A prospective evaluation of the risk of QT prolongation with hormone replacement therapy

The atherosclerosis risk in communities study

Mercedes R. Carnethon, Mary S. Anthony, Wayne E. Cascio, Aaron R. Folsom, Pentti M. Rautaharju, Duanping Liao, Gregory W. Evans, Gerardo Heiss

Research output: Contribution to journalArticle

42 Citations (Scopus)

Abstract

PURPOSE: Prolongation of the QT interval is associated with an increased risk of arrhythmia, coronary heart disease (CHD), and mortality. Estrogens and androgens have been proposed as a causal factor in QT lengthening.
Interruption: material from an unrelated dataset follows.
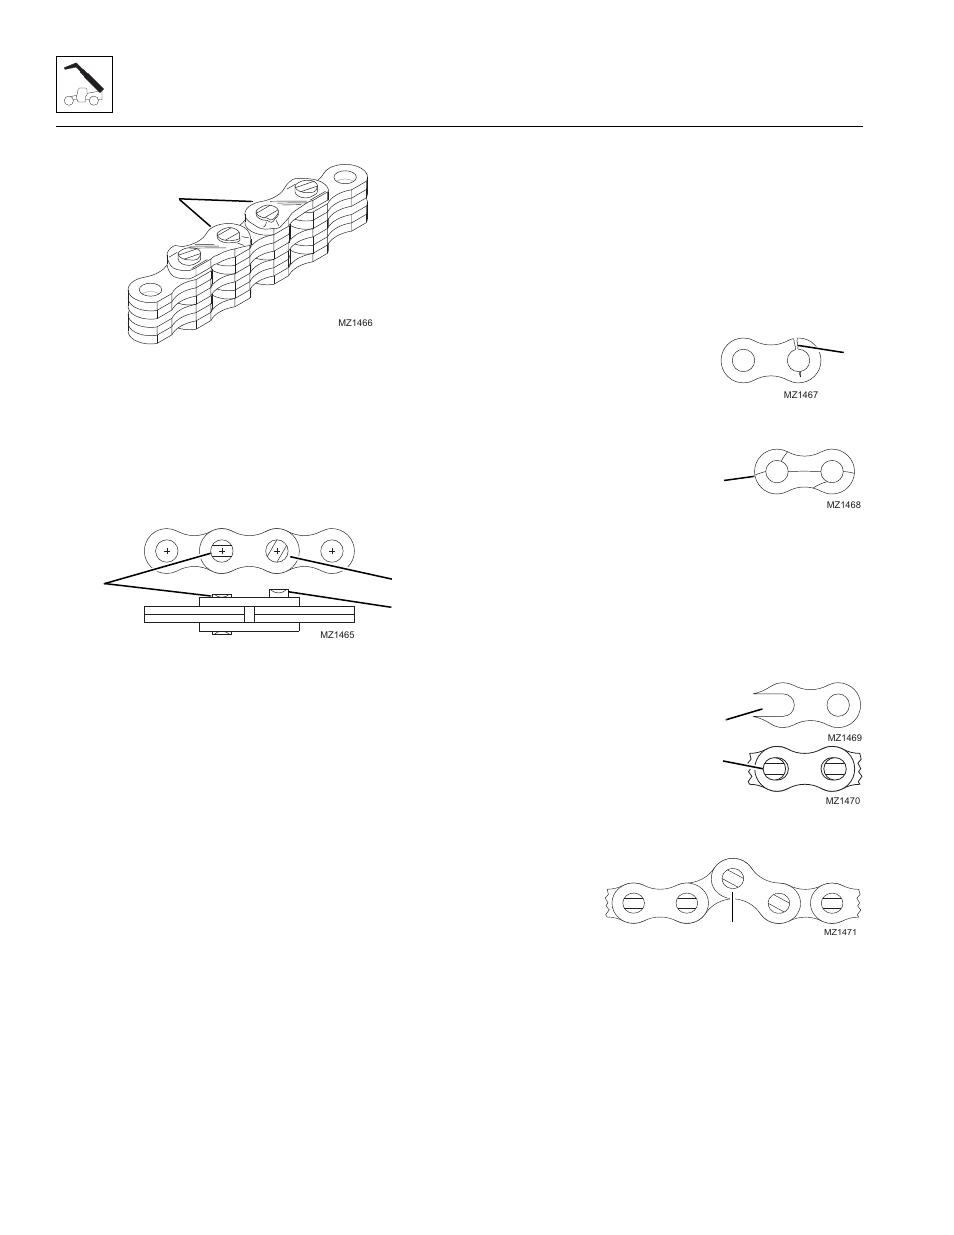 Skytrak 8042 Service Manual User Manual
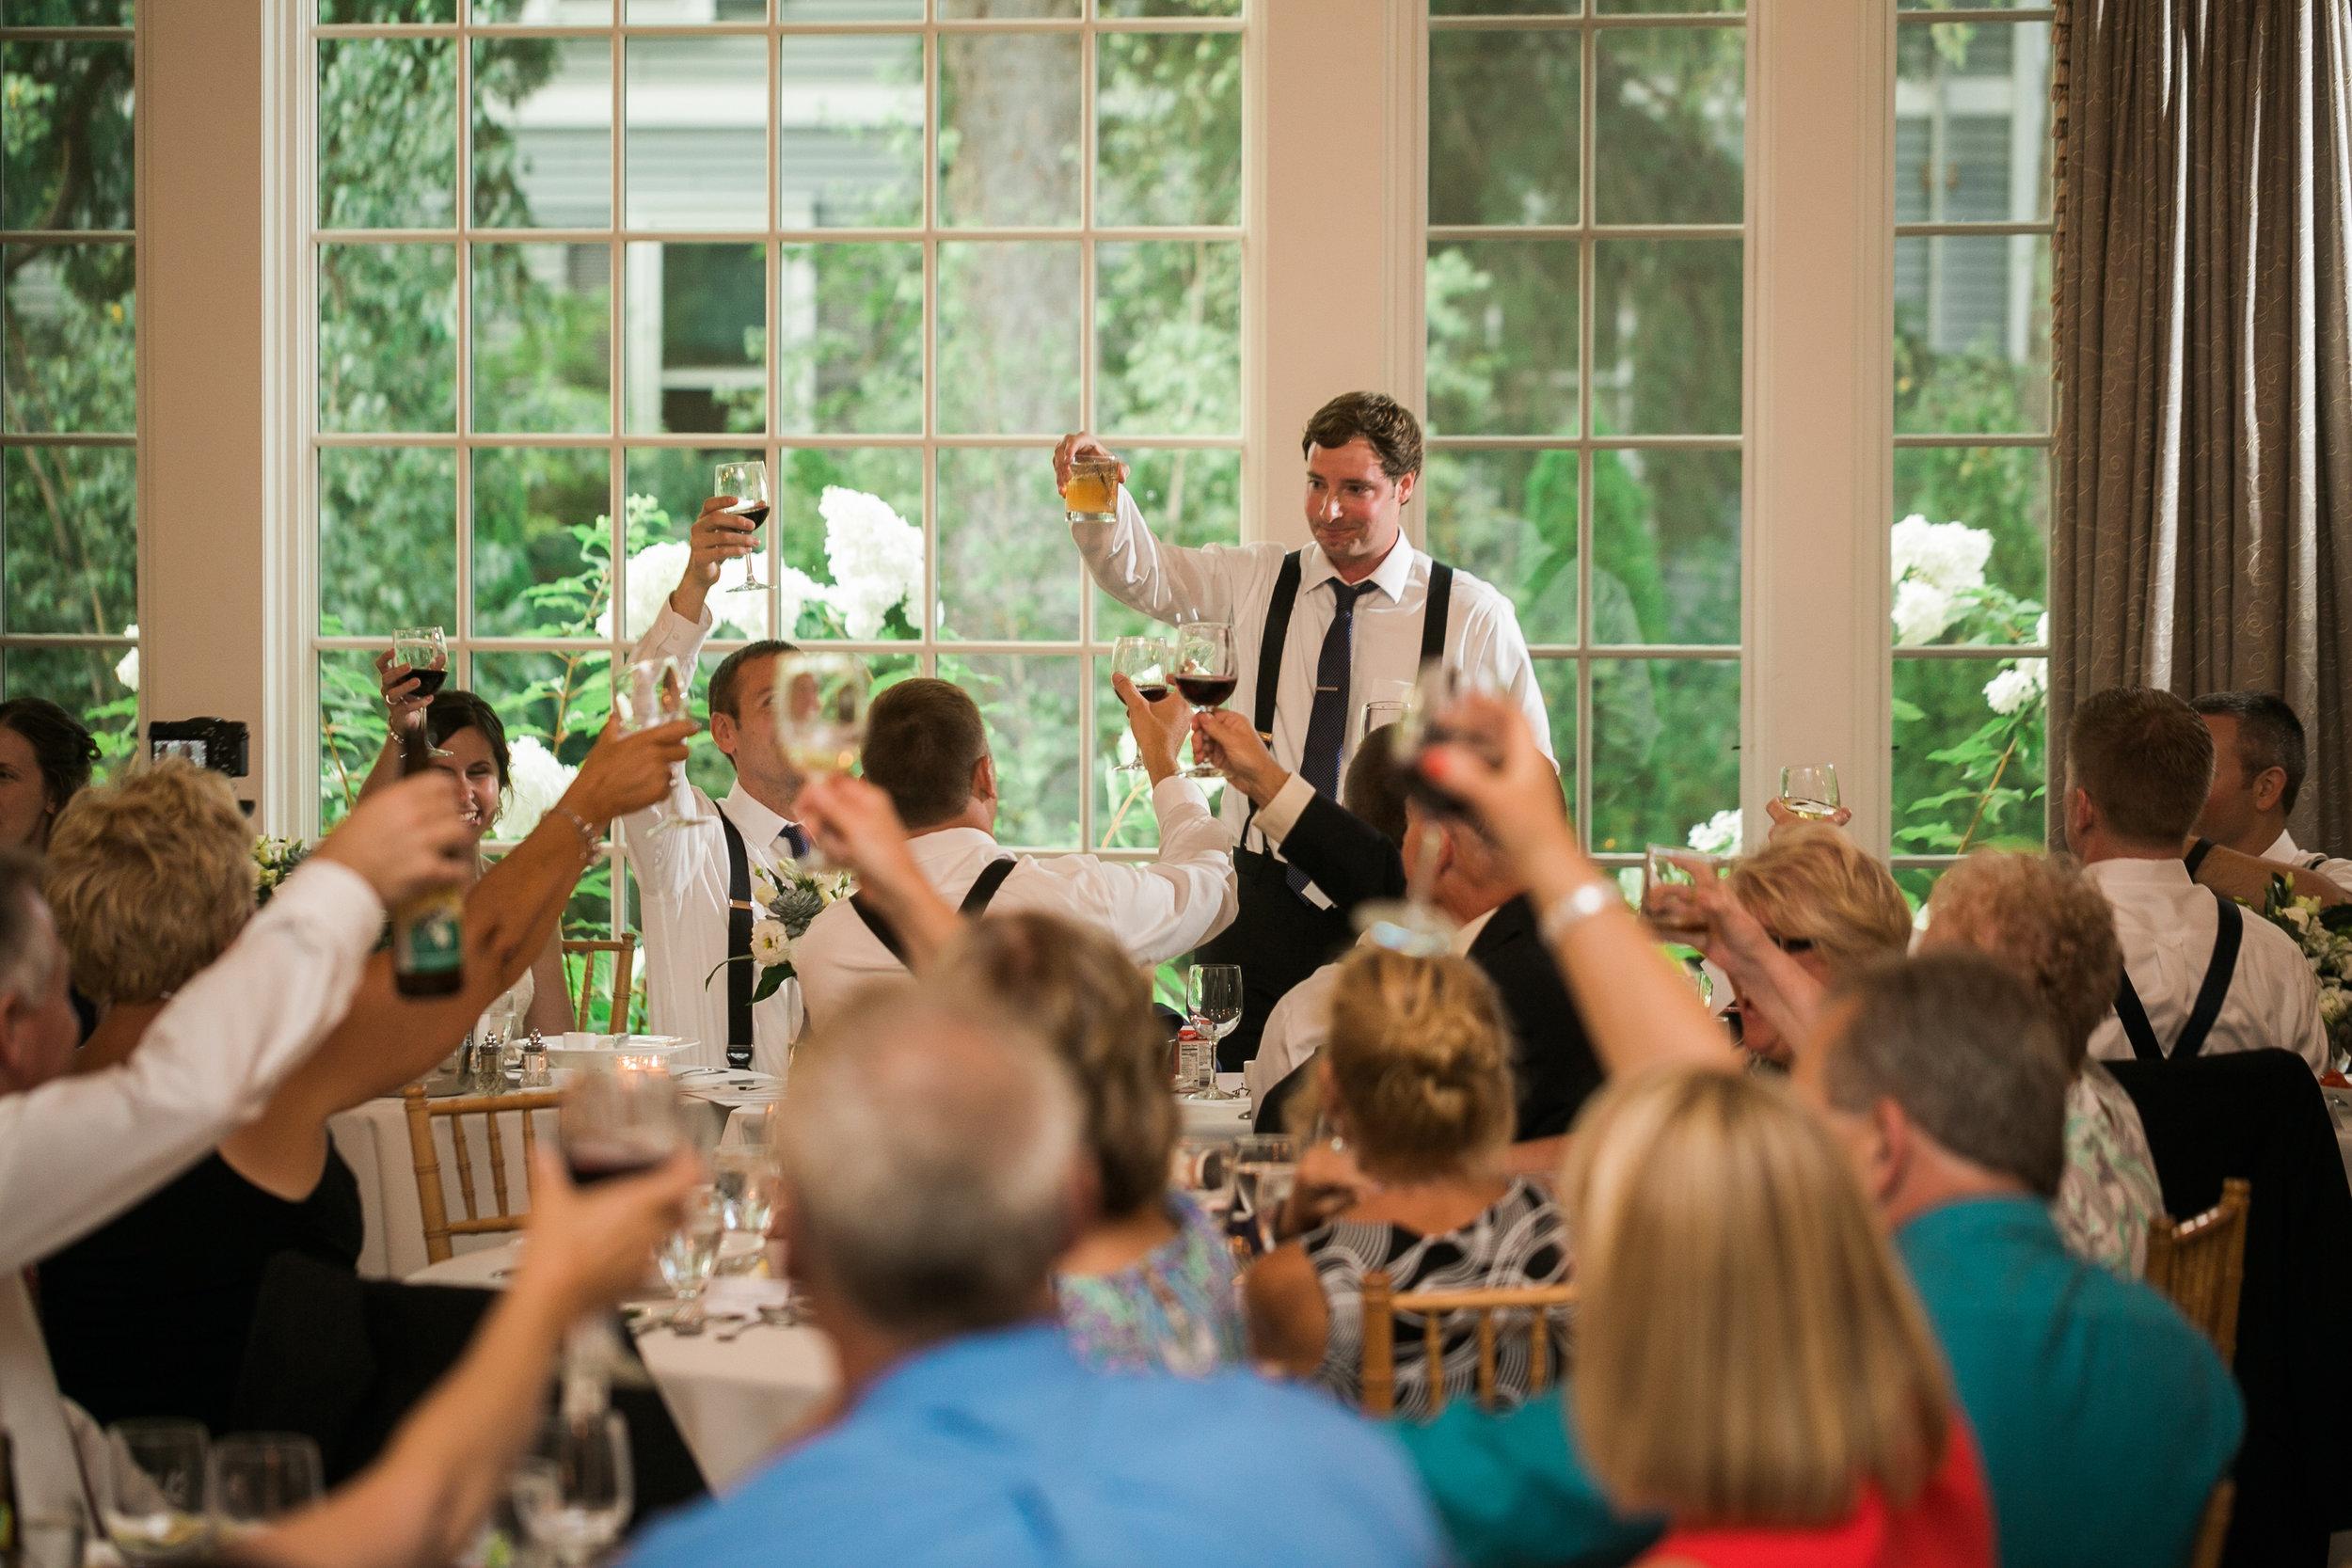 wisconsin-wedding-acowsay-uttke-photography-61.jpg

We tested whether postmenopausal hormone replacement therapy was associated with prolonged QT intervals in a healthy population sample of women (mean age = 54). METHODS: Women (n = 3,103) were asked about estrogen (ERT) and progestin plus estrogen (PERT) replacement therapy use at 4 examinations over 9 years. Electrocardiographic QT intervals were measured and corrected for heart rate using the QT Index (QTI) and Bazett's correction. QT prolongation was defined as QTI > 110% and a change from baseline of ≥4%. RESULTS: Heart rate corrected QT length was moderately but significantly (p<0.01) greater, and the risk of QT prolongation was nearly twice (Odds Ratio = 1.9, 95% Confidence Interval: 1.2-2.0) that in women who used ERT compared with never users. PERT use was not significantly associated with QT length. CONCLUSIONS: The potential for slight increases in QT length over time, and an increased risk of QT prolongation with ERT use identified in this observational study, are important concerns that should be further explored in randomized trials.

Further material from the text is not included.